North Korea’s nuclear weapons capabilities have increased over the last 20 years, after successfully upgrading Soviet SCUD missile technology into longer range systems. Also using a Soviet test reactor, the North has produced enough plutonium and uranium for about 15 or 20 bombs, according to David Wright, the co-director of the Global Security program at the Union of Concerned Scientists.
“They’ve conducted five underground nuclear tests. Some of those have not worked so well. But the last one, people think, had a yield of the bomb that the U.S. dropped on Hiroshima. They seem to have a nuclear device that explodes with significant yield. People think they’ve made that small enough to fit on a missile,” Wright told The Cipher Brief.
Wright said that the accuracy of long-range missiles in North Korea’s arsenal is rather low, but that doesn’t make them less dangerous. Indeed, it means the North is more likely to try to strike large civilian targets rather than smaller military ones. The North would be more likely to hit the South with an artillery barrage, and perhaps strike Japan with a short range missile, potentially tipped with a nuclear warhead to maximize its destructive power. A North Korean ICBM aimed at the U. S. would be a different story, Wright said.
“Even if you did launch it, these missiles would have very low accuracy. If you aimed at a given point you would be lucky to get within tens of miles of that target point. And what that means is that you’re not going to be using these on a specific target, on a military target,” Wright added. “What you would be shooting at is a very large target, like Los Angeles. In that sense, it’s a threat people worry about because that is a big enough target that you could hit with bad accuracy.”
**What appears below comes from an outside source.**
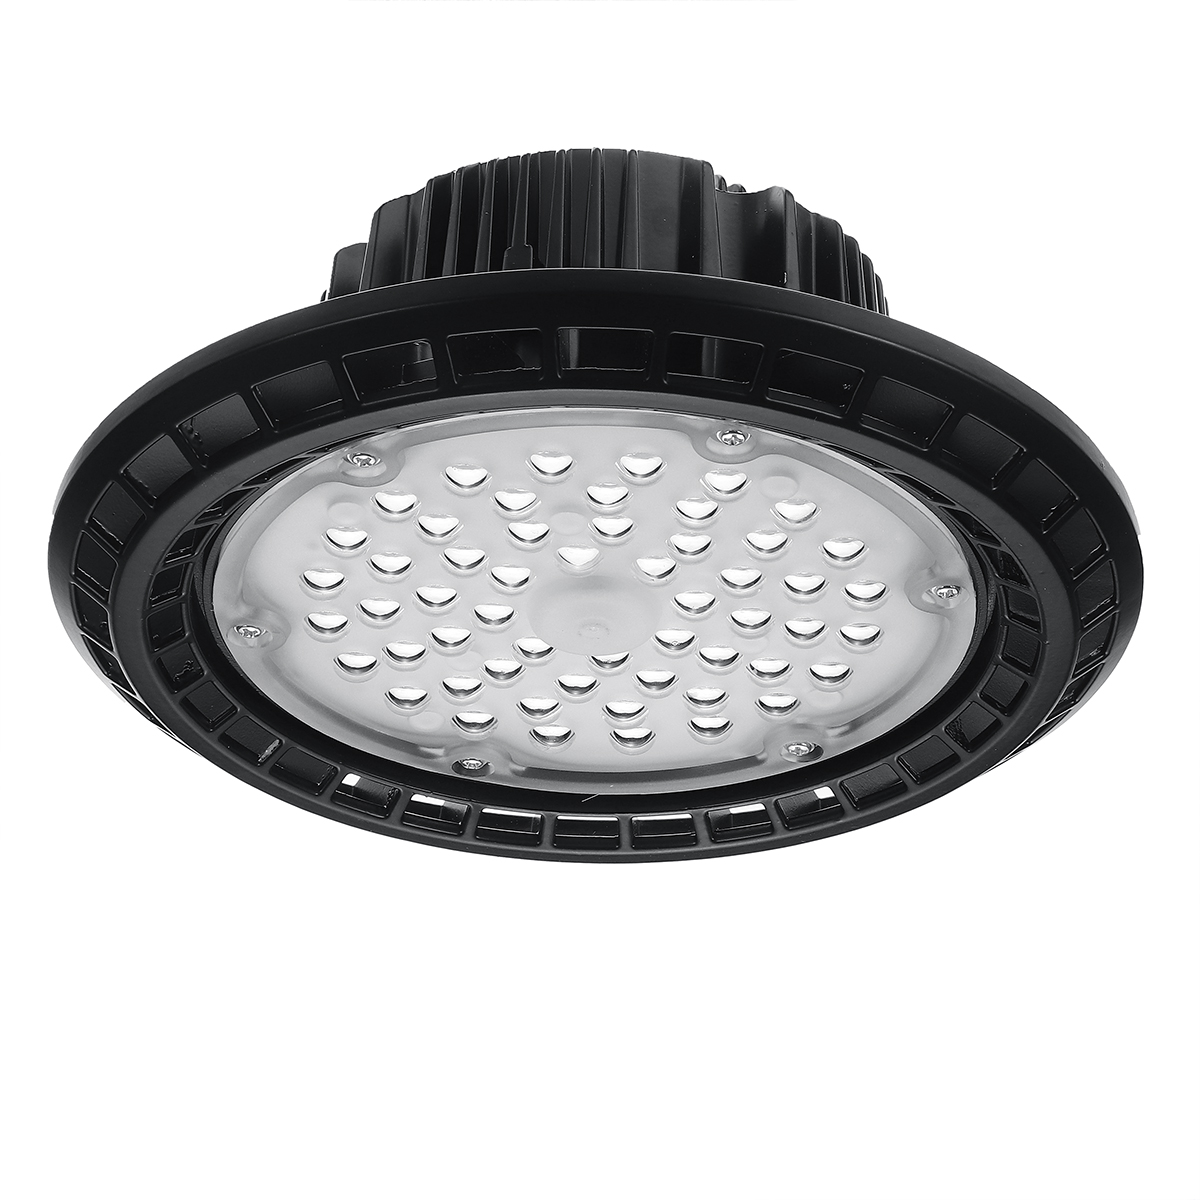 Find 60/100/150/200W LED UFO High Bay Flood Light 6000K Warehouse Industrial Lighting for Sale on Gipsybee.com with cryptocurrencies

Living with a nuclear-armed North Korea that could hit the U.S. doesn’t seem to sit well with policymakers. The United States military is drawing up plans to strike North Korea’s missile sites, according to an NBC report Wednesday. The B-1 bomber, carrying conventional weapons, would conduct the pre-emptive strike on the North, flying from Andersen Air Force Base in Guam, the base the North Korean specifically mentioned as a target.
"There is no good option," an intelligence official told NBC News, saying the B-1 plan constituted "the best of a lot of bad options."
How the North would ultimately react to such an attack, however, remains the biggest unknown. But based on a statement from the Hermit Kingdom, the potential for dialogue seems slim as long as North Korea feels threatened by the world’s most powerful military.
“We will further increase the might of justice to wipe out the source of all injustice and evils now that the gangster-like acts of the U.S. have reached the height, and clearly show what miserable and wretched fate those standing in the way of the DPRK will have to face,” top North Korea ruling party leader Kim Ki Nam said to a rally in the capital on Wednesday, according to North Korean state media.